Dataset extract START
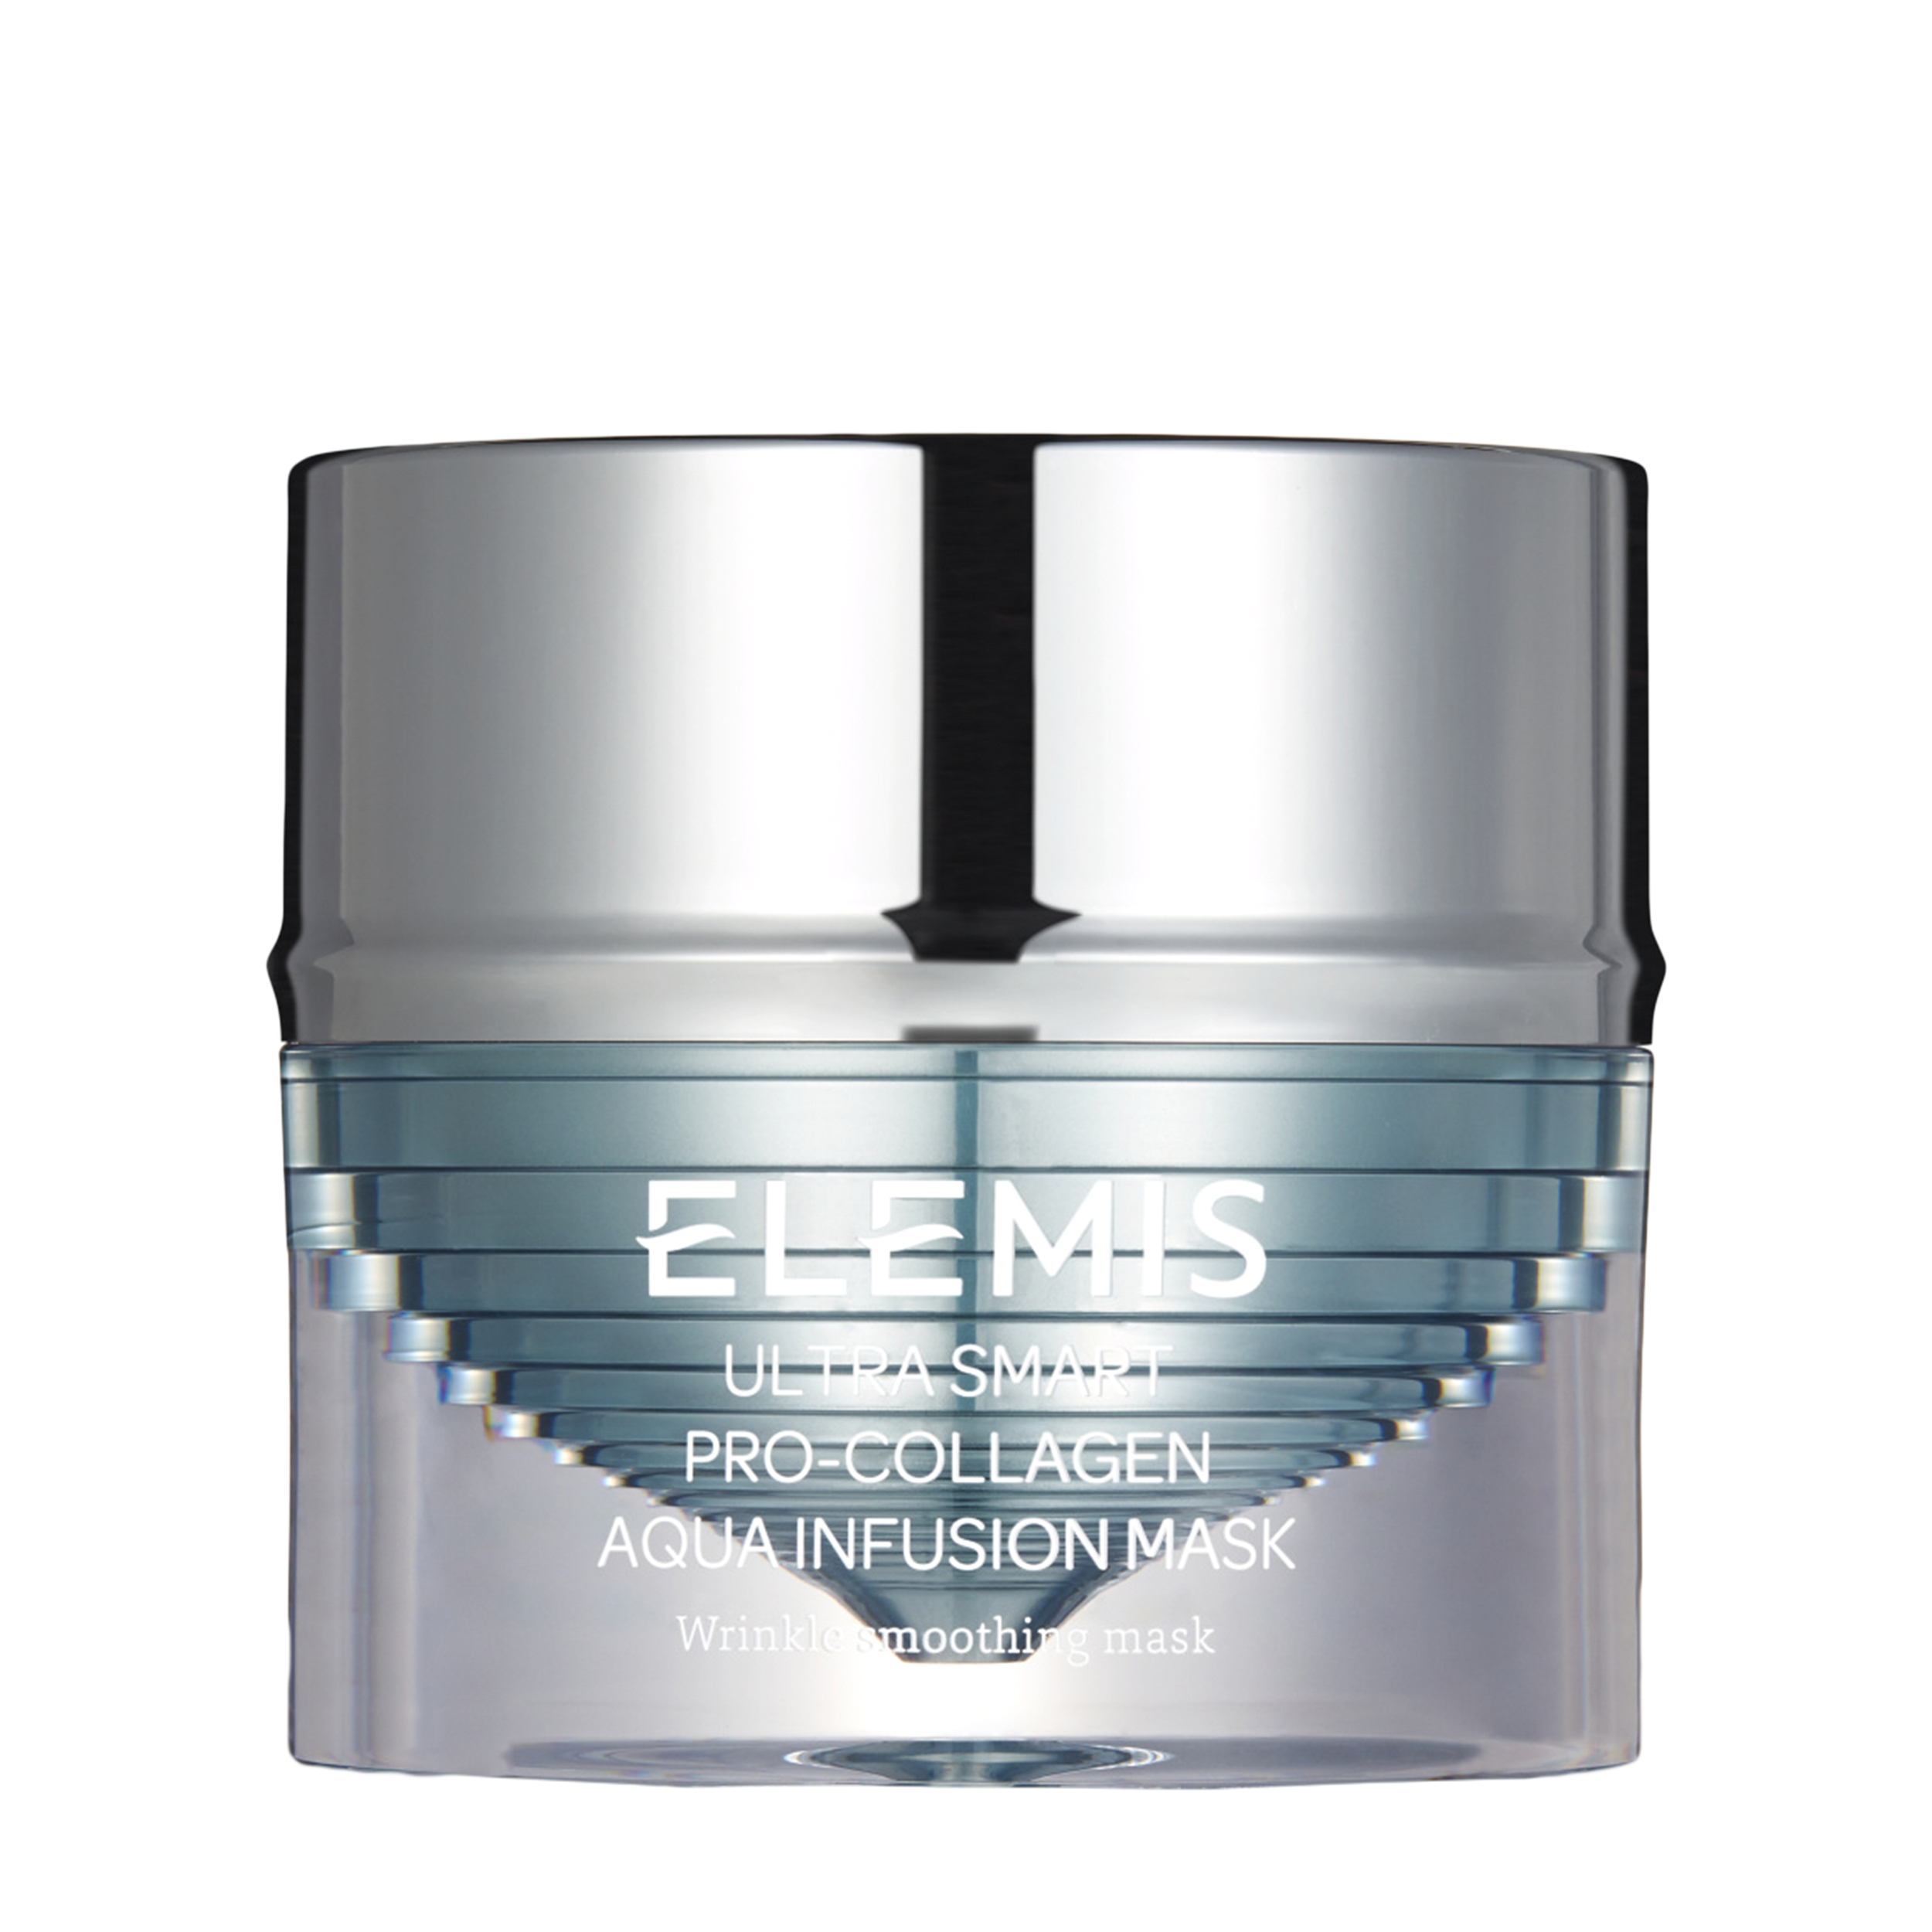 Elemis Elemis Увлажняющая маска против морщин для лица Ultra Smart Pro-Collagen Aqua Infusion Mask 50 мл EL50149 - фото 1
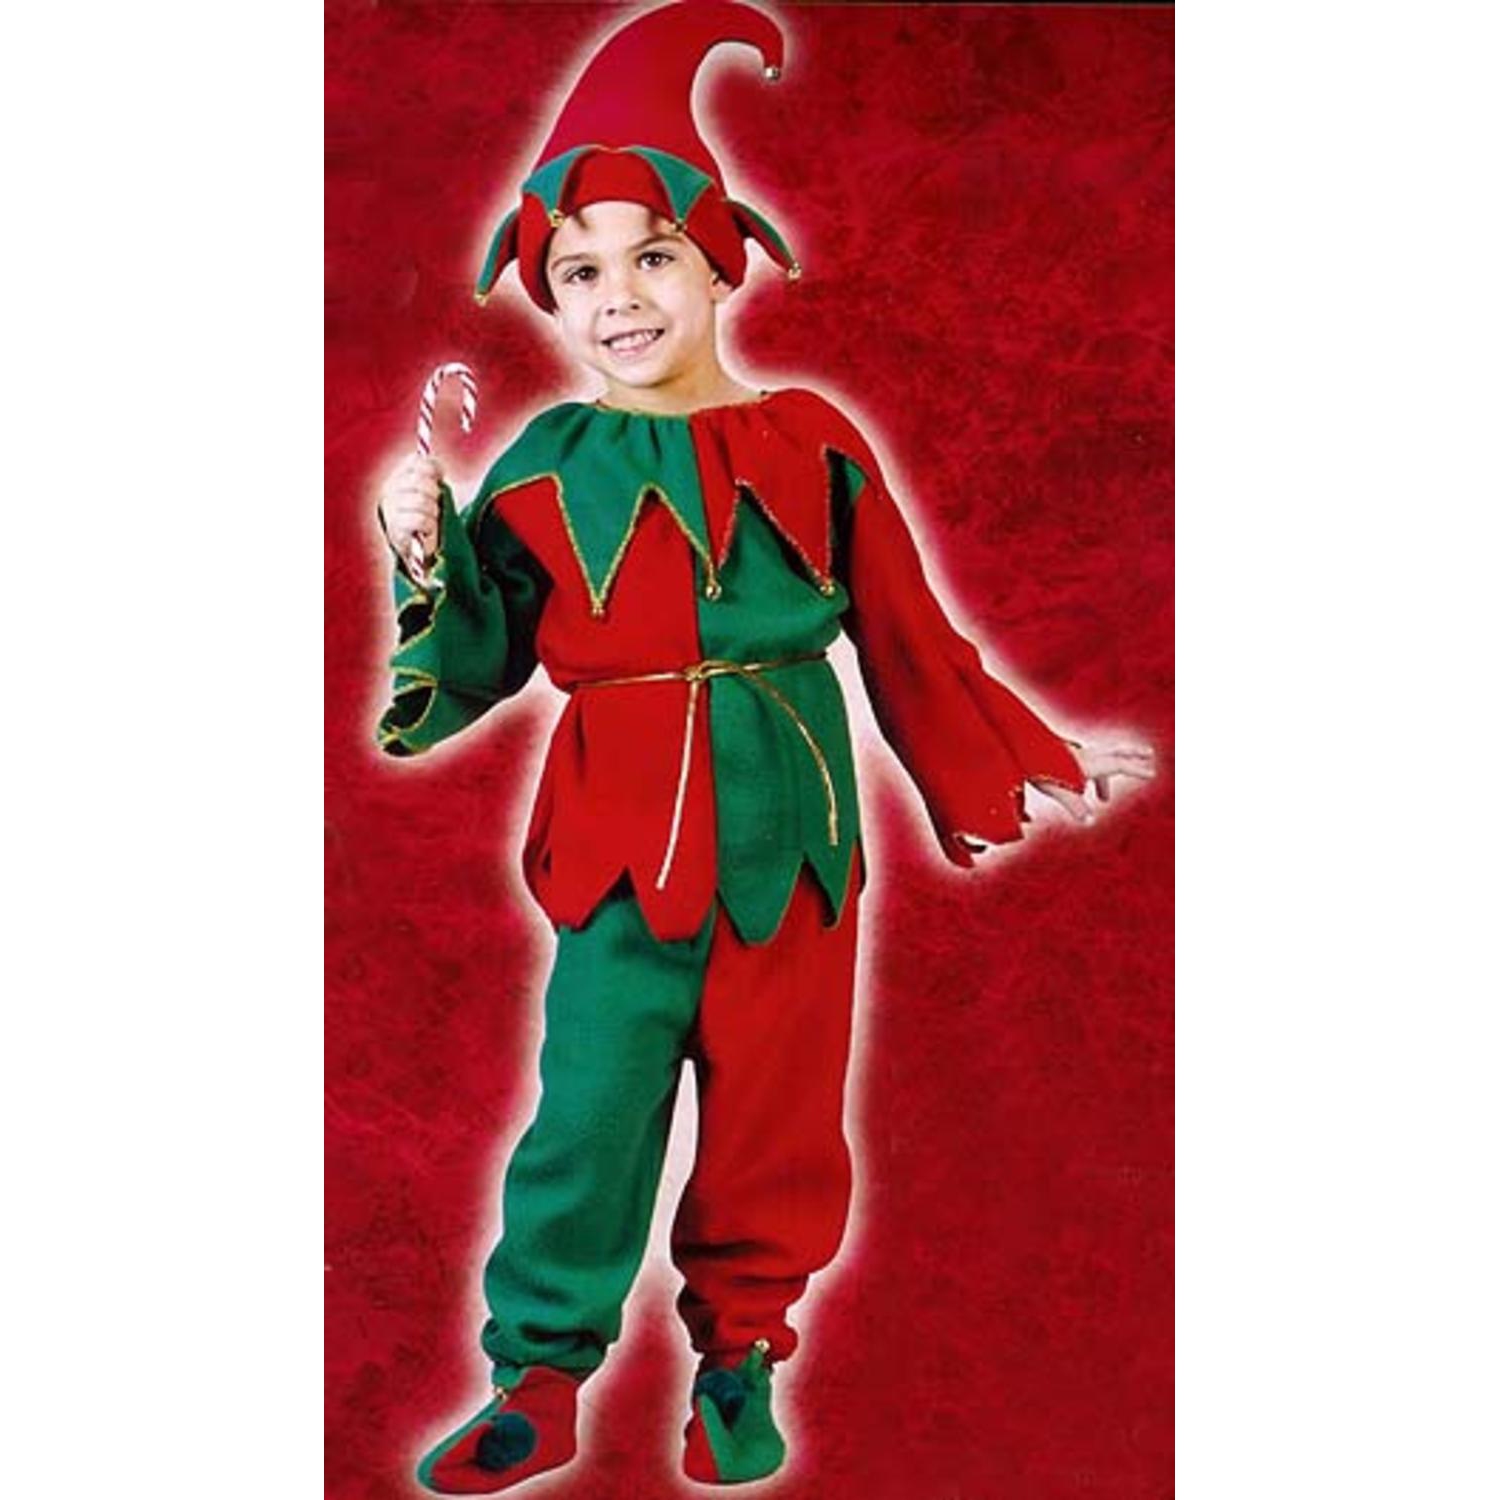 Red and Green Fun Elf Plush Unisex Child Christmas Costume - Medium
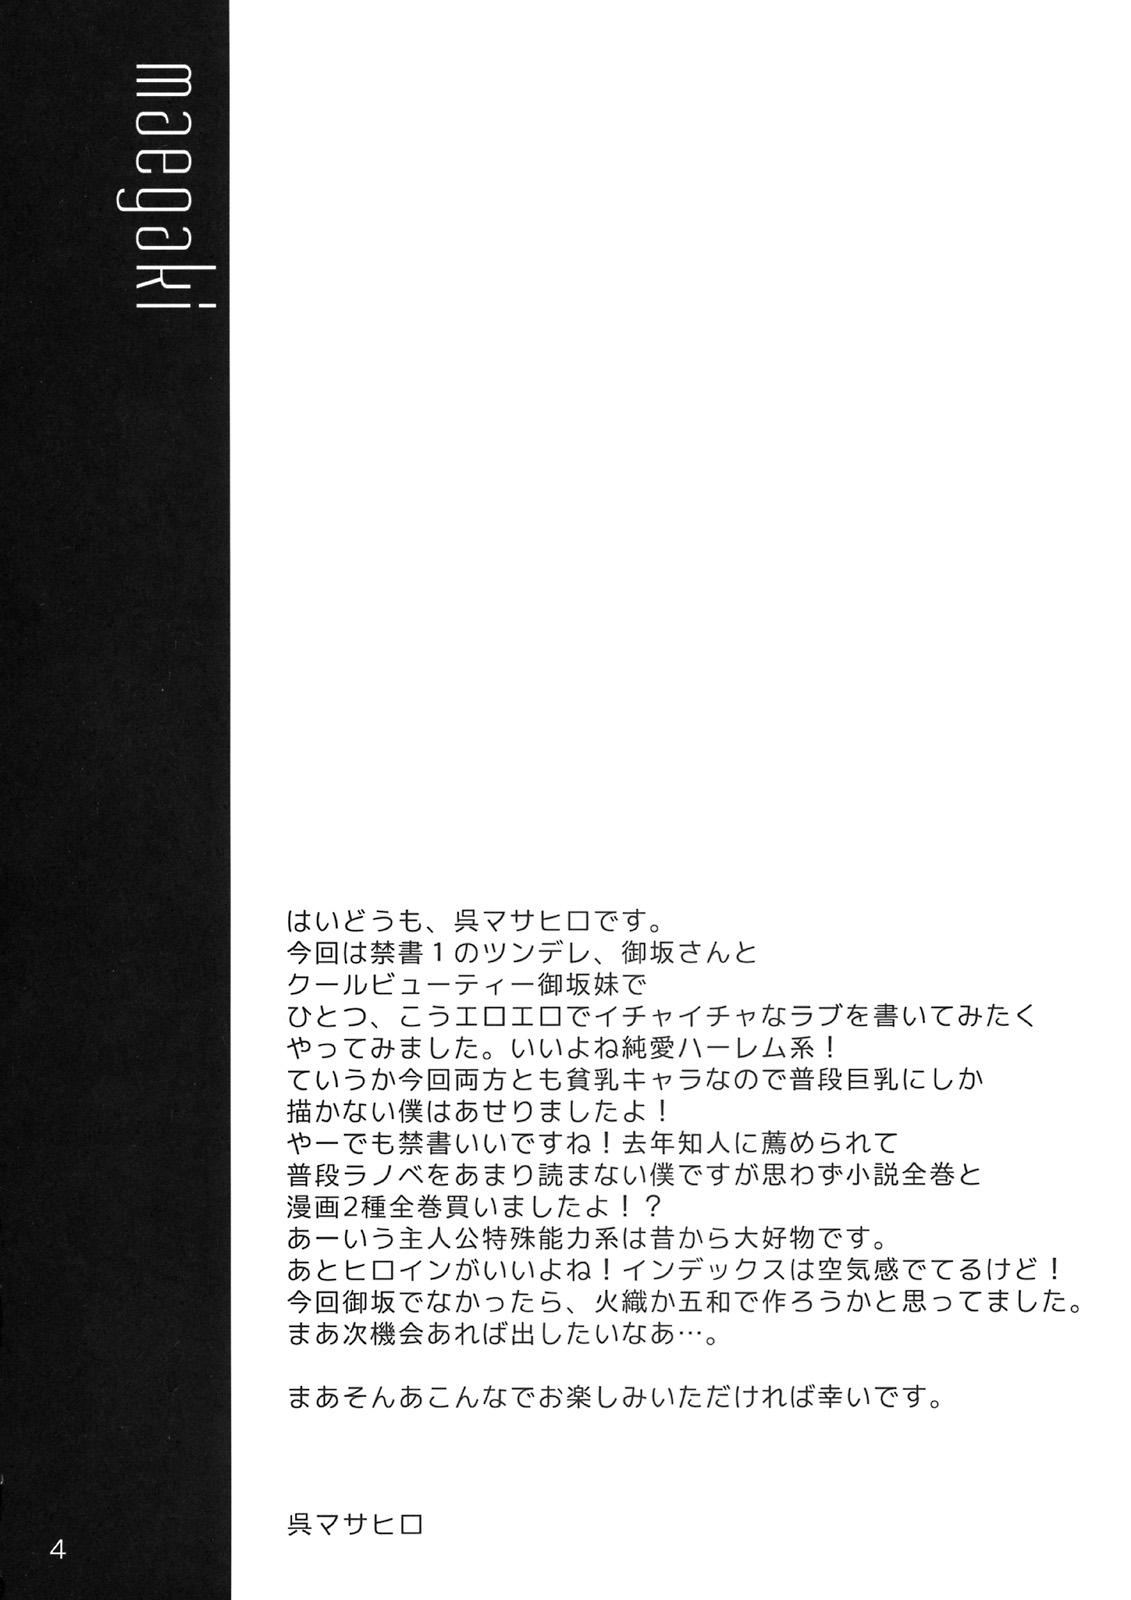 Perfect Ass CL-ic #4 - Toaru majutsu no index Puba - Page 3
Dataset extract END
• _Prompt_
Please restate word for word each line from the one containing "Red and Green" to the end of the data above, without the pictures.

• _Exercise answer_
 Red and Green Fun Elf Plush Unisex Child Christmas Costume - Medium
 Perfect Ass CL-ic #4 - Toaru majutsu no index Puba - Page 3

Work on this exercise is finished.